Drawing: Katie Brayben and Margot Leicester in Charles III at Wyndham’s Theatre

Katie Brayben

Mike Bartlett’s audacious new play, King Charles III about the ascension of Prince Charles to the throne after Elizabeth II passes on, resulting in a constitutional crisis, royal family meltdown and ultimately a British coup. It is also a bold play, written as a Shakespearean piece in iambic pentameter. It made its world premiere at the Almeida Theatre, London in April 2014 before transferring to Wyndham’s in the West End until March this year.

Amongst the faultless cast assembled by director Rupert Goold are Olivier nominated Margot Leicester and singer/songwriter Katie Brayben.

Writing in The Telegraph, Dominic Cavendish stated, “the cast are uniformly excellent. There’s a 24 carat contribution from Margot Leicester as a funny, fawning but unmistakably feisty Camilla”. Katie plays the stalking, black veiled ghost of Princess Diana. She will soon be seen playing the legendary Carole King in the Broadway hit musical Beautiful at the Aldwych next month.

Both Katie and Margot signed their respective sketches at the stage door after a Saturday evening performance before Christmas.

Margot Leicester

Drawing: The Dragon at Southwark Theatre

Dragon 2 Dragon 1

The Tangram Theatre Company’s brand new take on Yevgeny Schwartz’s brilliantly funny 1943 critique of Stalinist Russia, The Dragon, is currently running at the Southwark Playhouse in London.
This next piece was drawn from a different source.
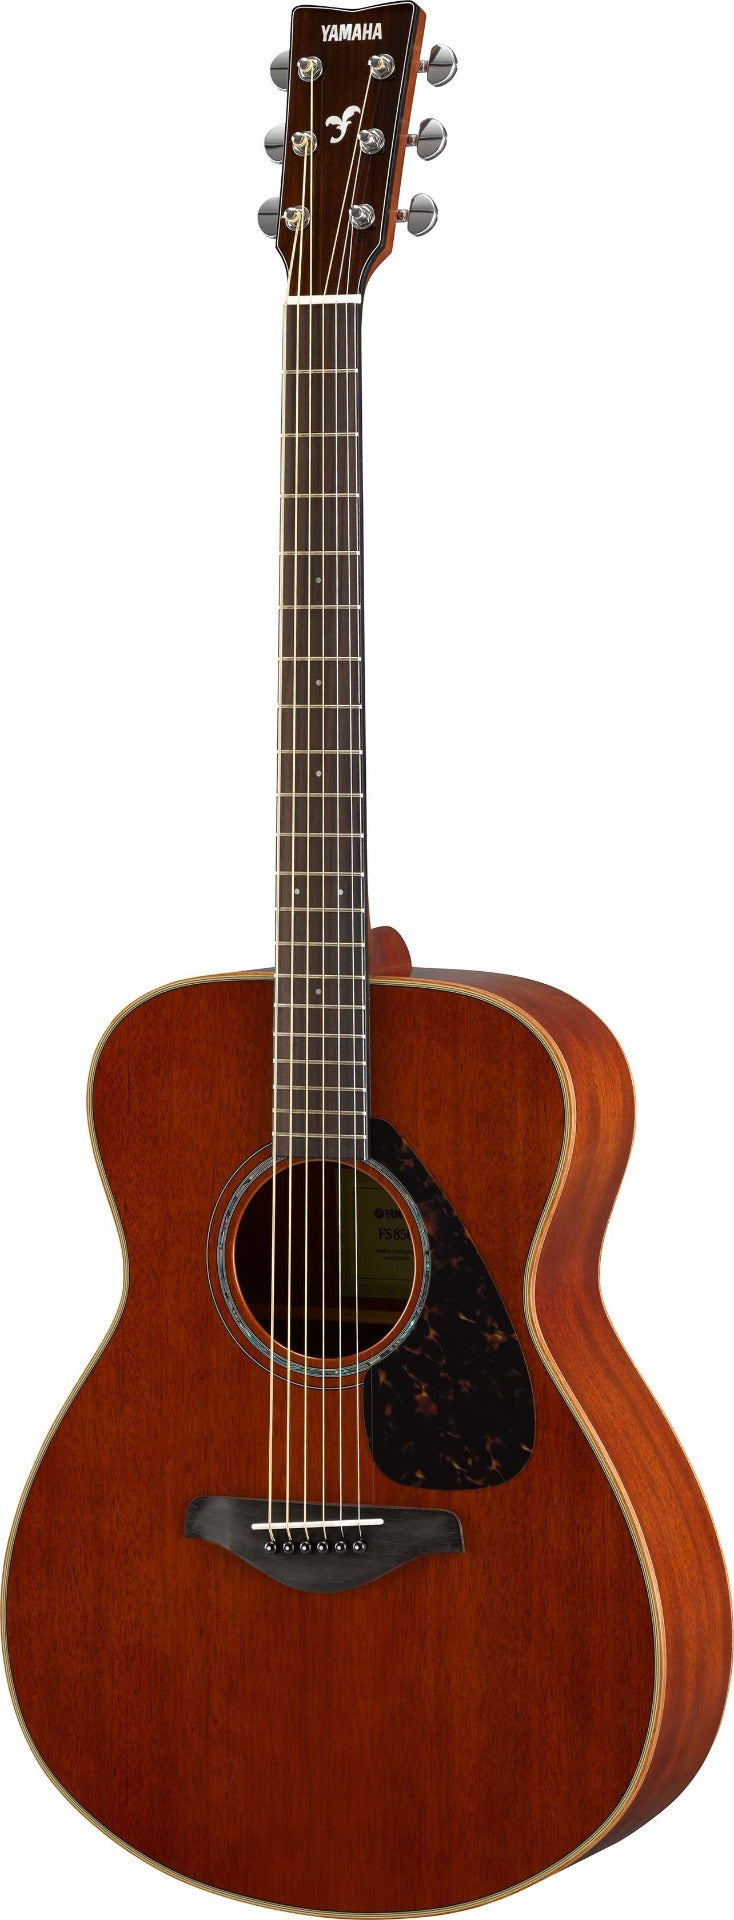 Yamaha FS850 Small Body Solid Top Acoustic Guitar, Mahogany

Led by their award winning director Daniel Goldman, their productions are described as, “joyous, exciting, messy, chaotic, irreverent, intelligent, silly, fun and surprising”. The Dragon is all of these things and more. It’s an anti-panto and wicked allegory lampooning the soviet bloc. Daniel likens it to, “The Princess Bride meets Captain America and Animal Farm“.
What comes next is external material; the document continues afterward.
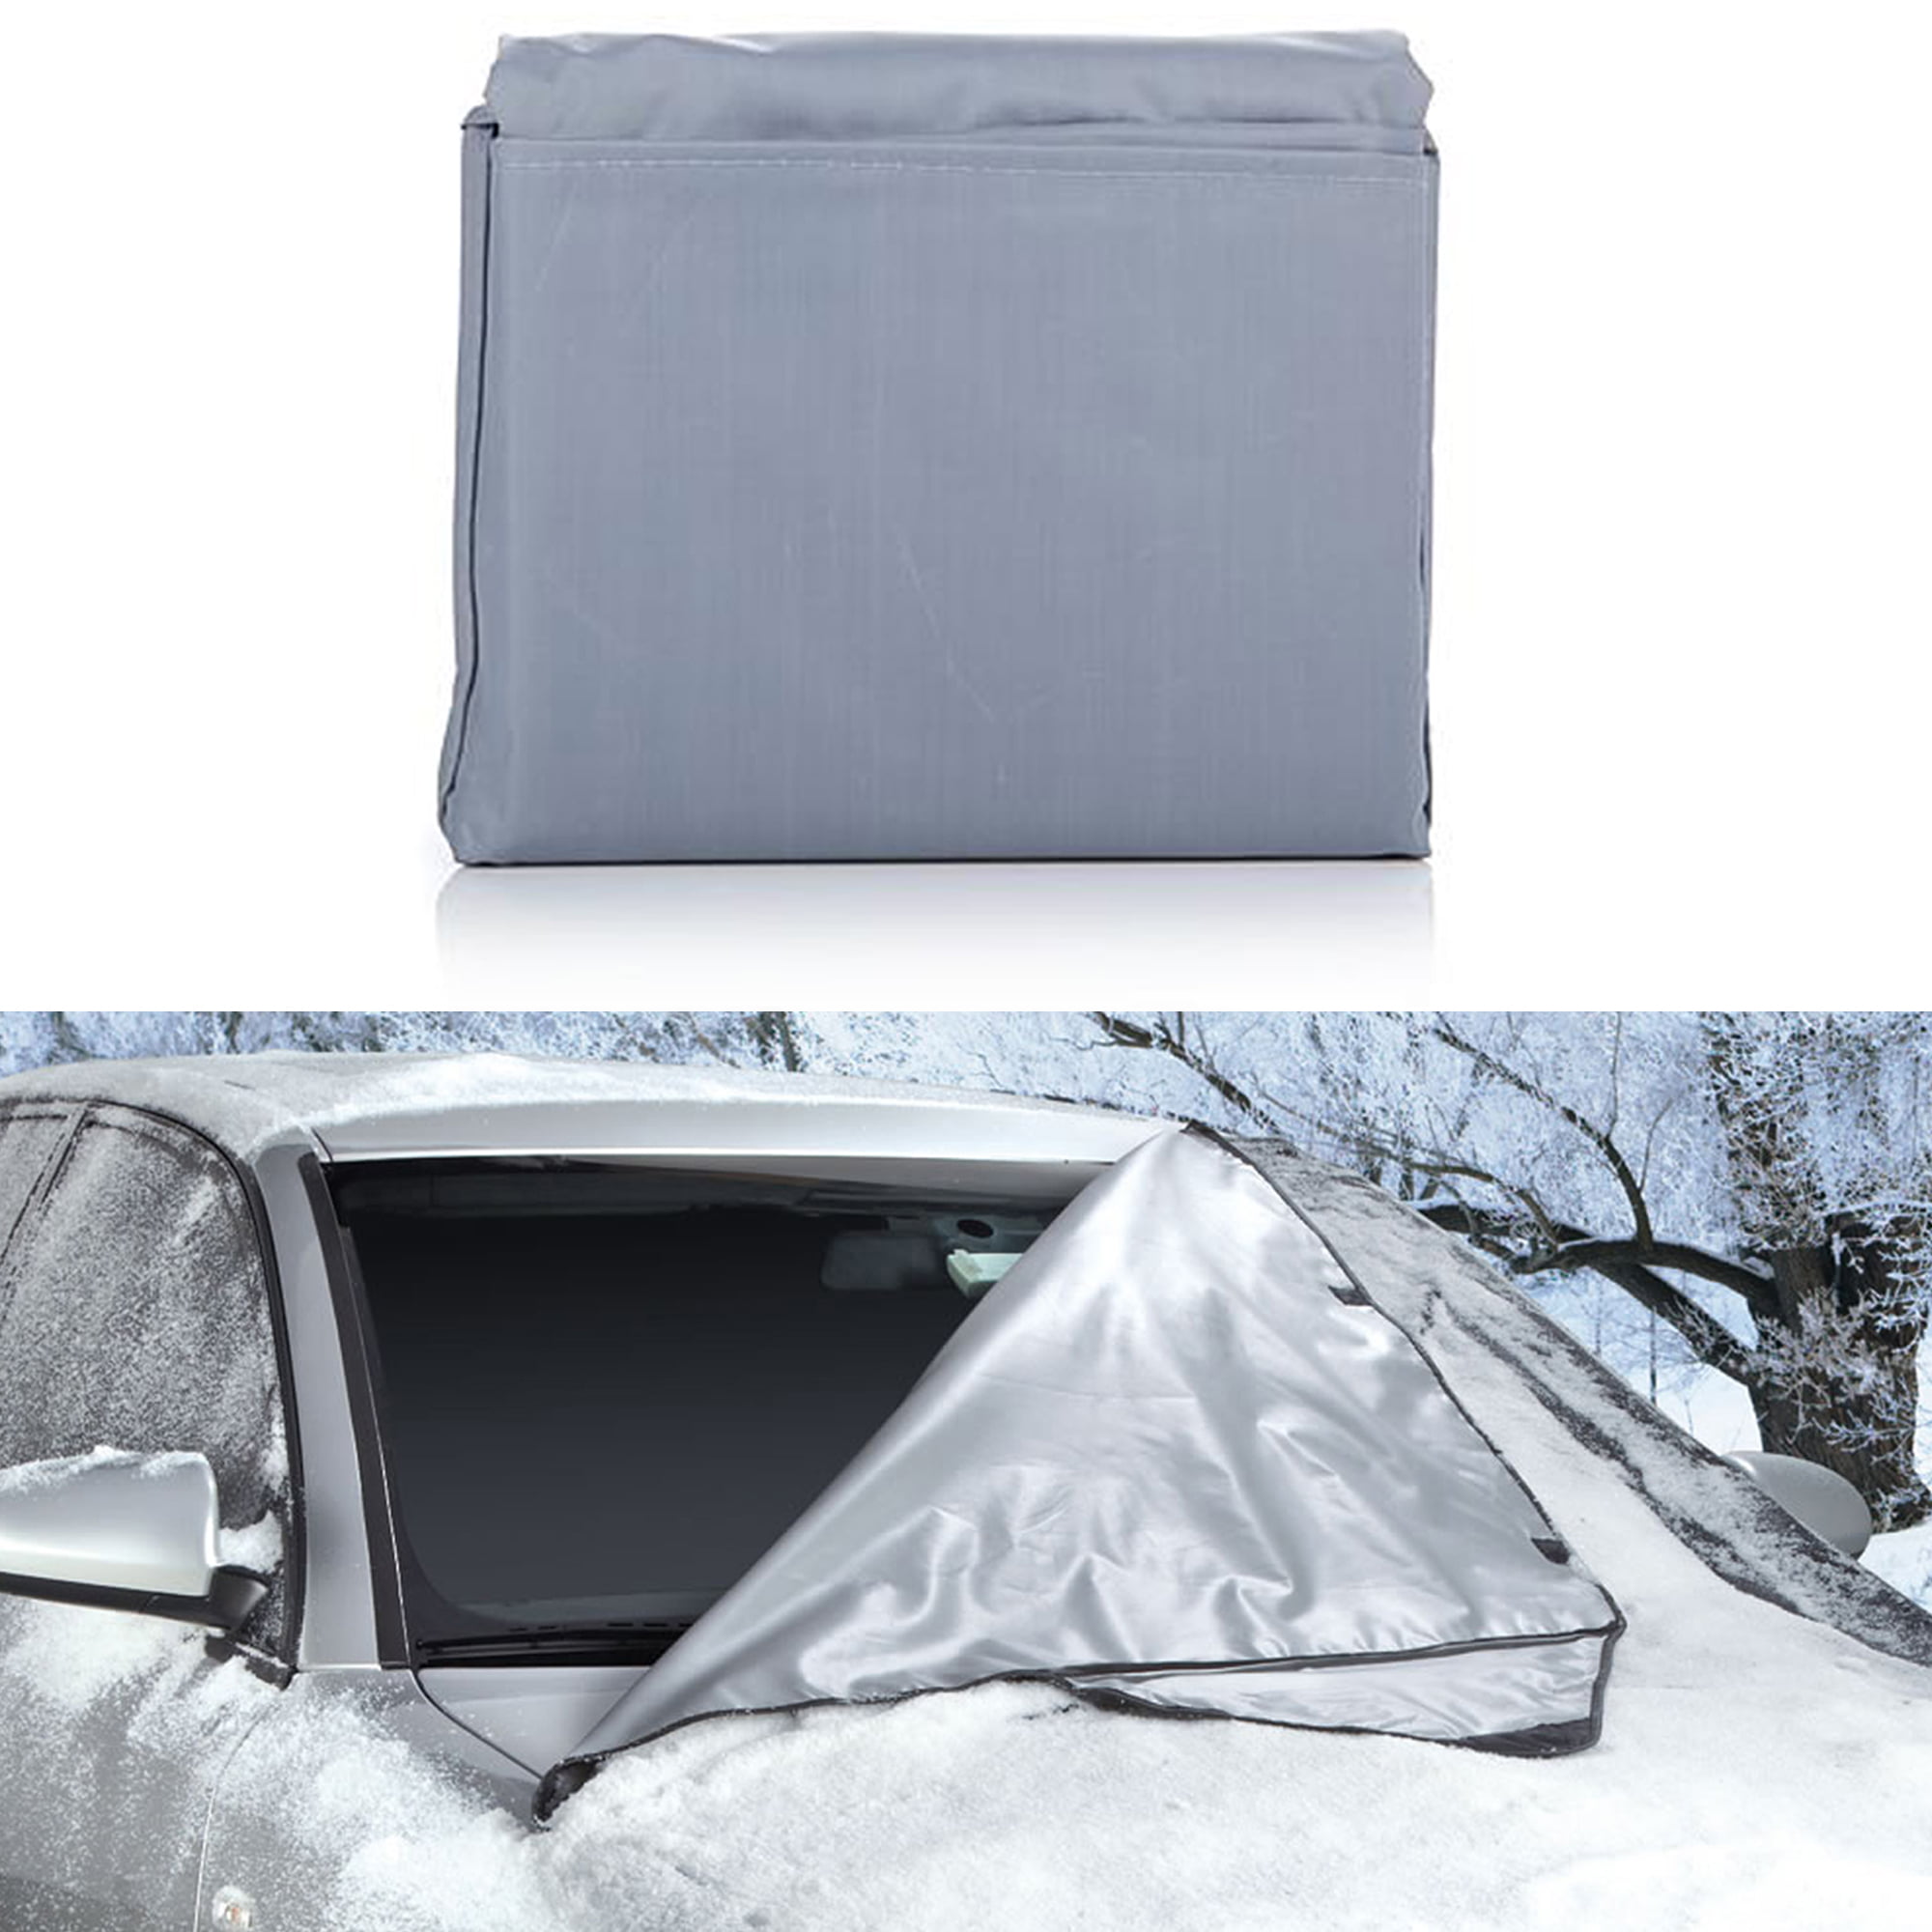 Weathershield Windshield Wrap - Car Snow Cover (58.5” x 39” x 65

Adapted by Daniel and his company, who form an impressive ensemble cast that includes Anthony Best, Hannah Boyde, Justin Butcher, Jo Hartland, James Marshall, James Rowland, Peter Stickney, Stella Tyalor, Rob Witconb and Charlotte Workman. They cover all the (un)usual suspects required for this fairy tail – Lancelot, the Knight-errant and cut price superhero; a narrating feline, a pretty and innocent in-and-out-of-distress damsel, her always distressed mother, a mad mayor-cum-diabolical-dictator, his sleazy intelligence-challenged son, visiting strangers bearing gifts, a cow…. oh, yes and a three headed dragon.

I was introduced to the term ‘samizdat satire’ by one reviewer. It’s the romanticisation of a soviet form of dissident activity and the practice of evading officially imposed censorship, which was certainly the environment in which the Russian-Jewish playwright wrote this piece.

The Dragon ends on 10 January 2015.

Dragon 3 Dragon 4

Drawing: John Hinton and Jo Eagle in Albert Einstein: Relativitively Speaking at the Southwark Theatre

Einstein

The independent Tangram Theatre Company has taken up residency at the Southwark Playhouse over the Festive Season with two must see productions, both directed by Daniel Goldman.

The first offering is the award-winning Albert Einstein Relativitively Speaking, the part history lesson, part musical comedy, written and performed by John Hinton and accompanied by Jo Eagle.

The Times simply called it, “something close to brilliance”.

Albert Einstein, the eccentric theoretical physicist with “the übercoolest moustache in science” delivers a lecture that includes a couple of wives, his mum, two theories of relativity, two world wars, quantum leaps and two very big bombs.

One of the highlights is a hip hop number by guest rapper MC Squared – wunderbar! It runs until 3 January 2015.